The manual pages for the tag get and set routines specify the exact data types and calling conventions required for each tag supported by the library.

TIFF Compression Schemes

libtiff includes support for a wide variety of data compression schemes. In normal operation a compression scheme is automatically used when the TIFF Compression tag is set, either by opening a file for reading, or by setting the tag when writing.

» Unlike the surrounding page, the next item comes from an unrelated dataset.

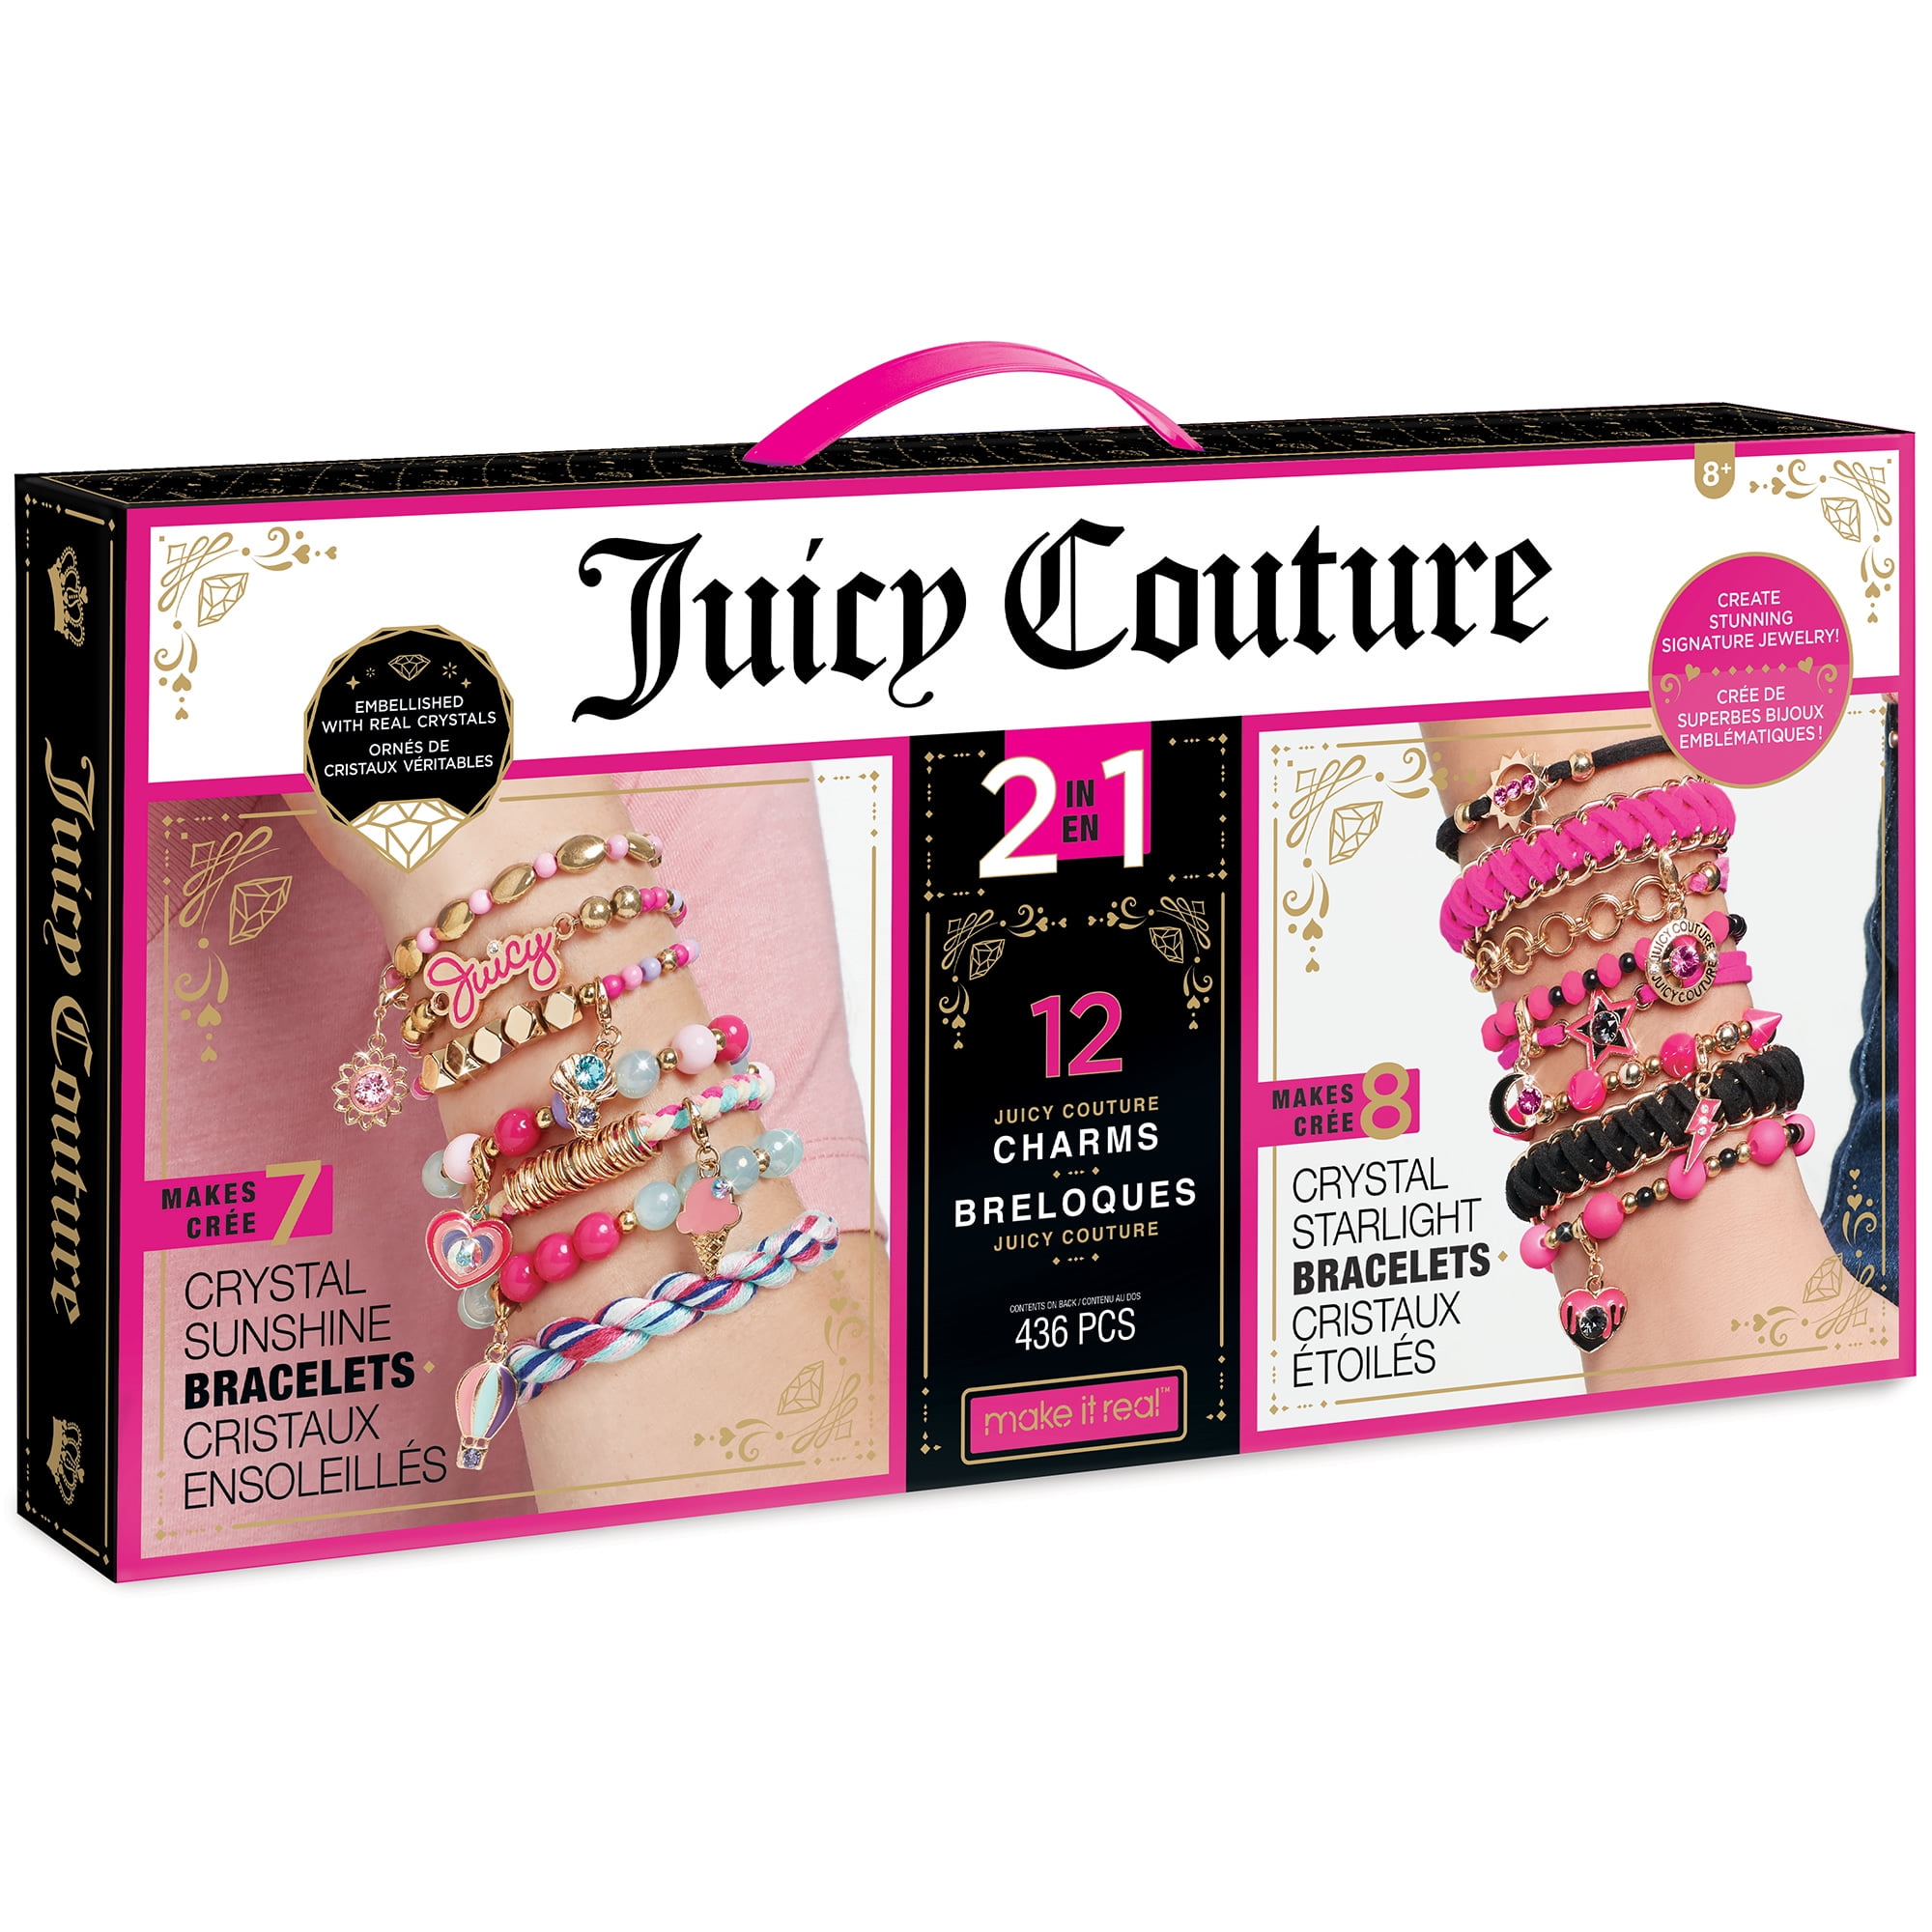 Juicy Couture: 2-in-1 Crystal Sunshine & Starlight DIY Bracelets

Compression schemes are implemented by software modules termed codecs that implement decoder and encoder routines that hook into the core library i/o support. Codecs other than those bundled with the library can be registered for use with the TIFFRegisterCODEC() routine. This interface can also be used to override the core-library implementation for a compression scheme.

Byte Order

The TIFF specification says, and has always said, that a correct TIFF reader must handle images in big-endian and little-endian byte order. libtiff conforms in this respect. Consequently there is no means to force a specific byte order for the data written to a TIFF image file (data is written in the native order of the host CPU unless appending to an existing file, in which case it is written in the byte order specified in the file).

Data Placement

The TIFF specification requires that all information except an 8-byte header can be placed anywhere in a file. In particular, it is perfectly legitimate for directory information to be written after the image data itself. Consequently TIFF is inherently not suitable for passing through a stream-oriented mechanism such as UNIX pipes. Software that require that data be organized in a file in a particular order (e.g. directory information before image data) does not correctly support TIFF. libtiff provides no mechanism for controlling the placement of data in a file; image data is typically written before directory information.

TIFFRGBAImage Support

libtiff provides a high-level interface for reading image data from a TIFF file. This interface handles the details of data organization and format for a wide variety of TIFF files; at least the large majority of those files that one would normally encounter. Image data is, by default, returned as ABGR pixels packed into 32-bit words (8 bits per sample). Rectangular rasters can be read or data can be intercepted at an intermediate level and packed into memory in a format more suitable to the application. The library handles all the details of the format of data stored on disk and, in most cases, if any colorspace conversions are required: bilevel to RGB, greyscale to RGB, CMYK to RGB, YCbCr to RGB, 16-bit samples to 8-bit samples, associated/unassociated alpha, etc.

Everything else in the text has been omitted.